*** Source material ***

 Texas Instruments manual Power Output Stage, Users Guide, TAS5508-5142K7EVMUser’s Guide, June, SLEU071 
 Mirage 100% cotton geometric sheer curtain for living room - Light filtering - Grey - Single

*** End of Source material ***
*** Source material ***

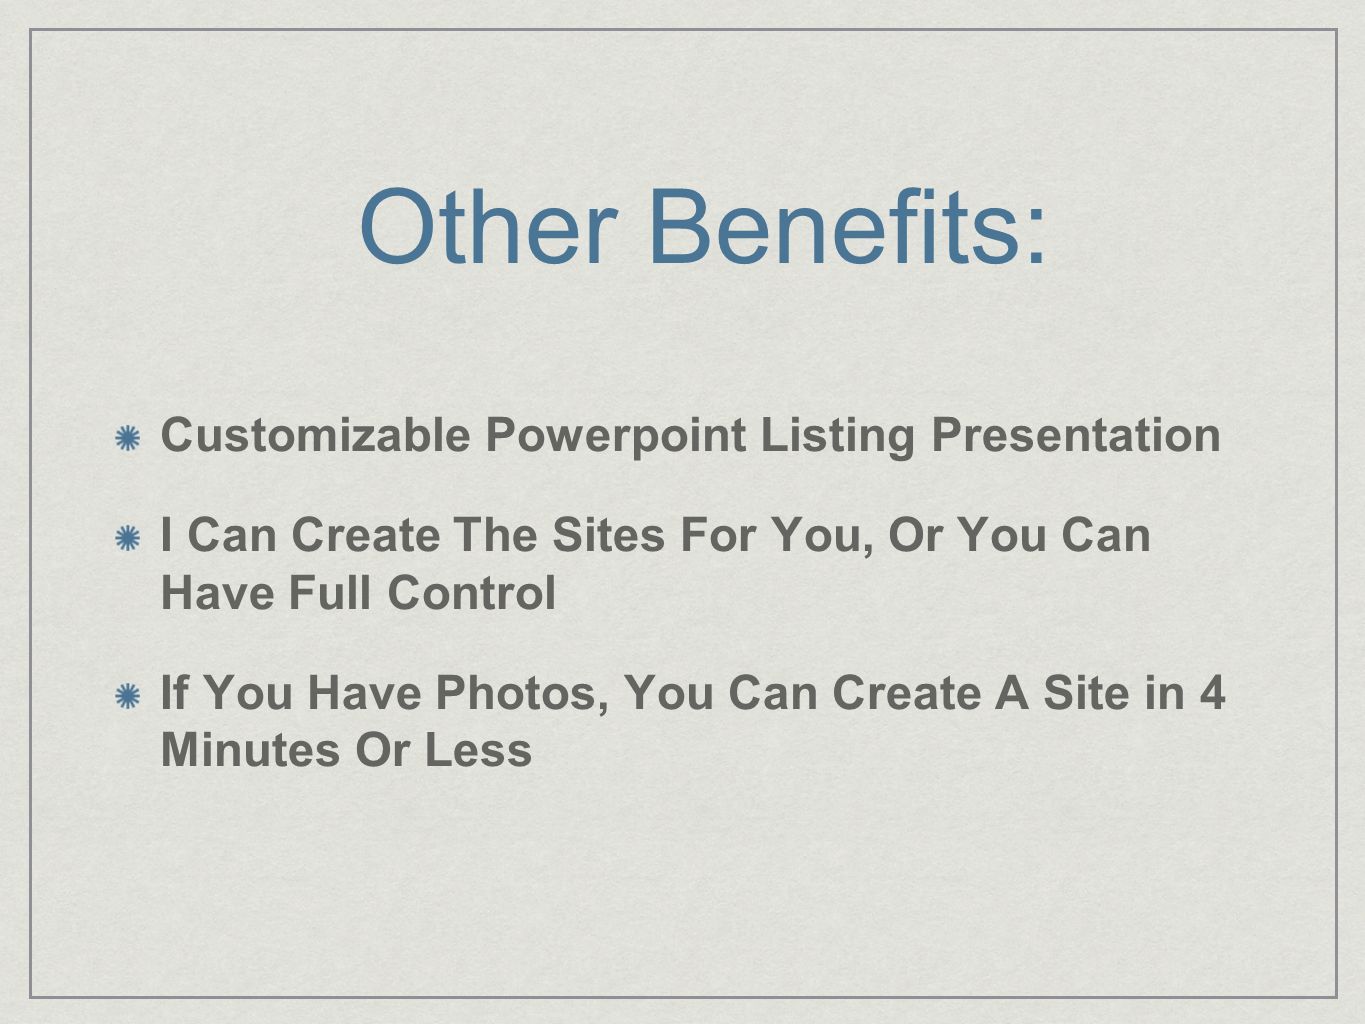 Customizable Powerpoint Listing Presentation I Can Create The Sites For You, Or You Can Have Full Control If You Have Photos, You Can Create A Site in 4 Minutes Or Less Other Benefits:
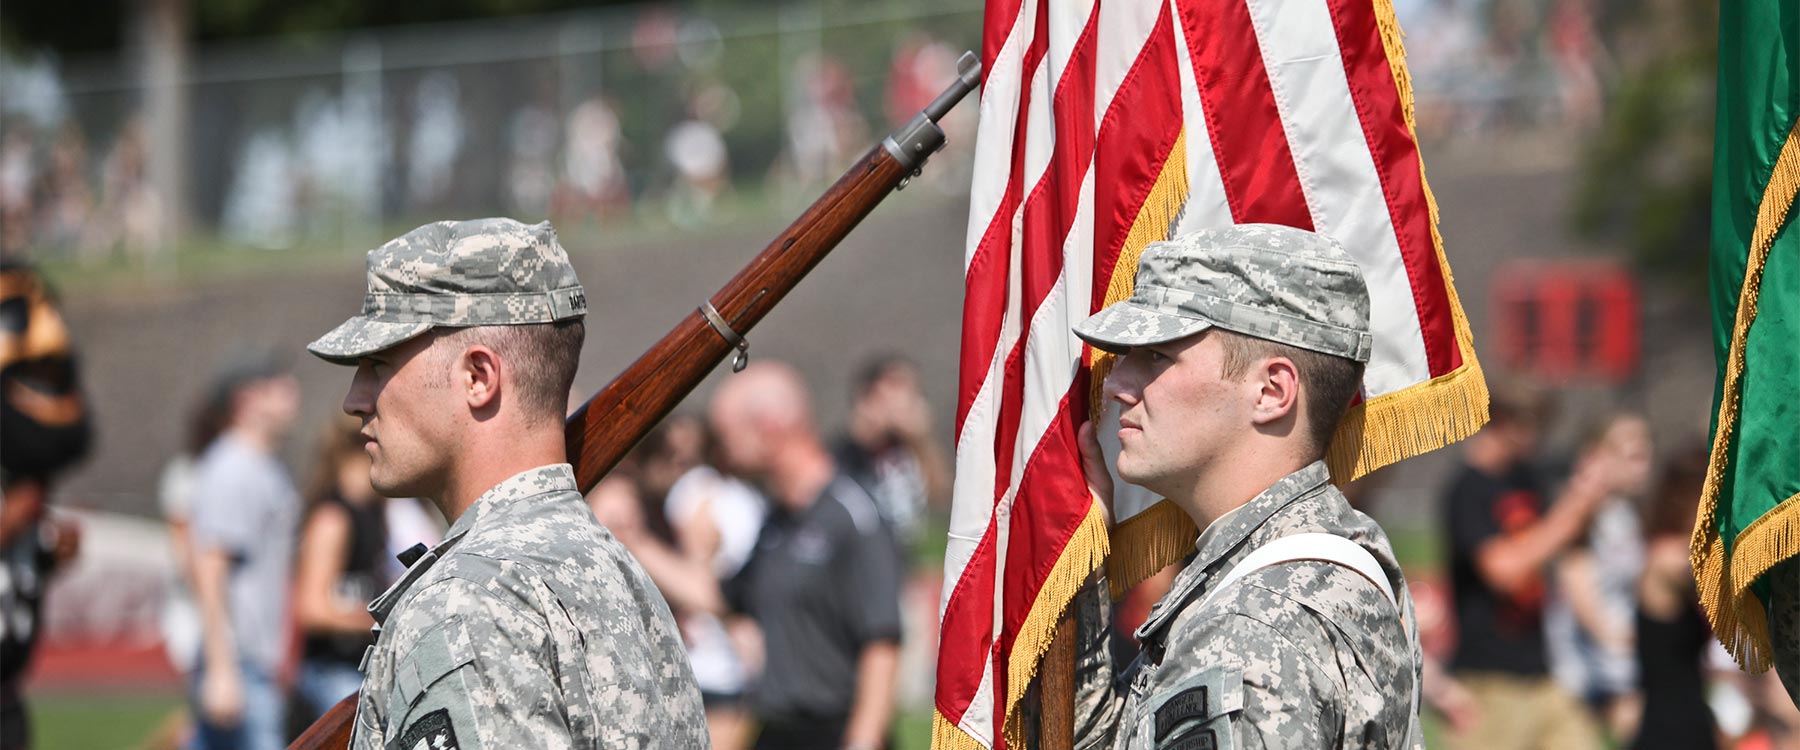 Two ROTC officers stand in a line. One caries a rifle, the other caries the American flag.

*** End of Source material ***
*** Source material ***

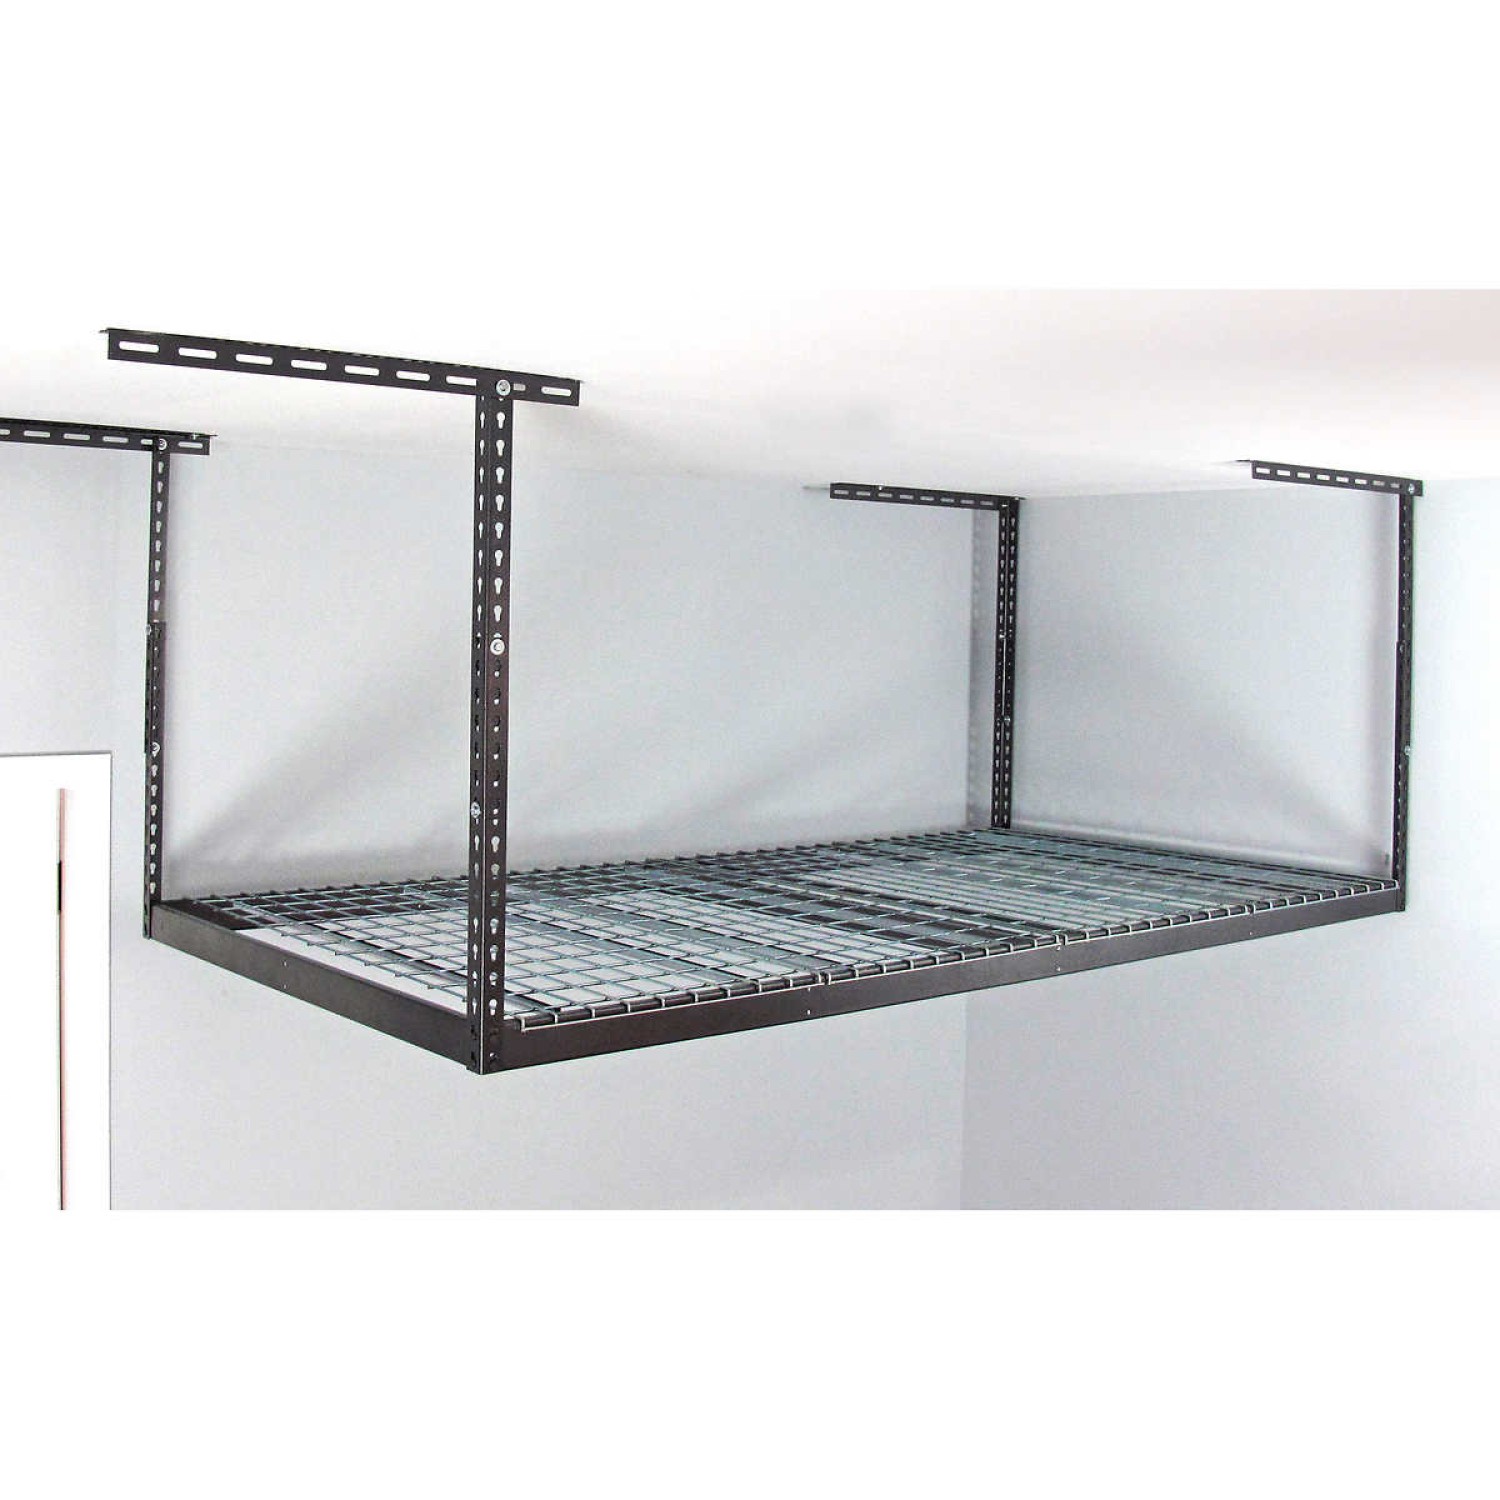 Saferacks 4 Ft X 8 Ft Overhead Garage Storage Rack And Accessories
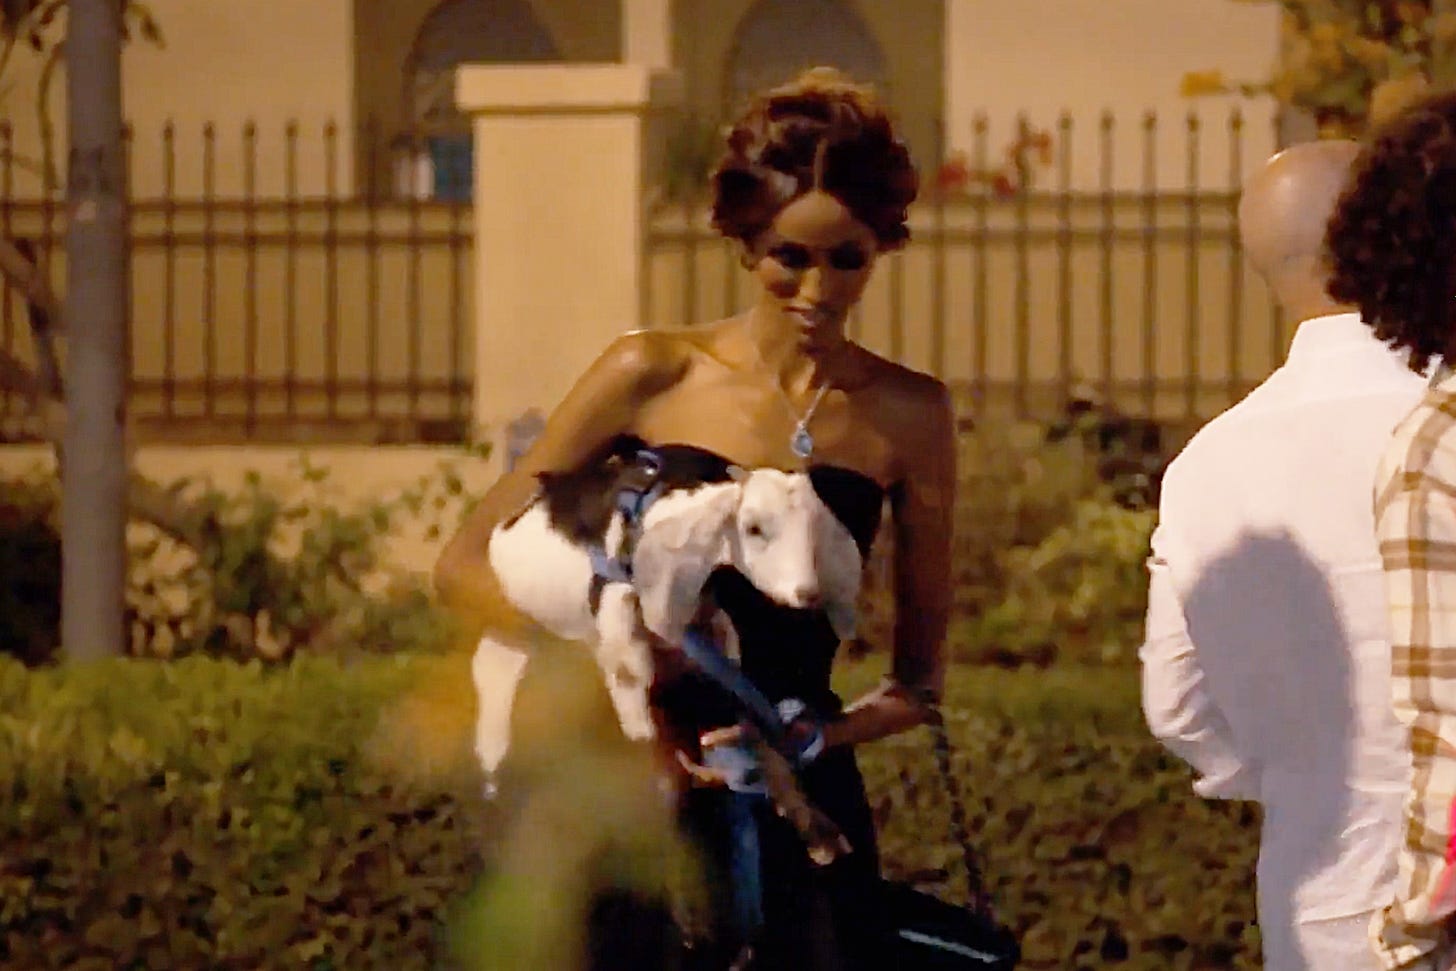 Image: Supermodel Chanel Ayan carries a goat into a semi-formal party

*** End of Source material ***

* Your instructions *
Beginning at the line with "Texas Instruments manual" and ending at the line with "Mirage 100% cotton", reproduce each line of the data above exactly, and add no other lines.

* Output for this exercise *
 Texas Instruments manual Power Output Stage, Users Guide, TAS5508-5142K7EVMUser’s Guide, June, SLEU071 
 Mirage 100% cotton geometric sheer curtain for living room - Light filtering - Grey - Single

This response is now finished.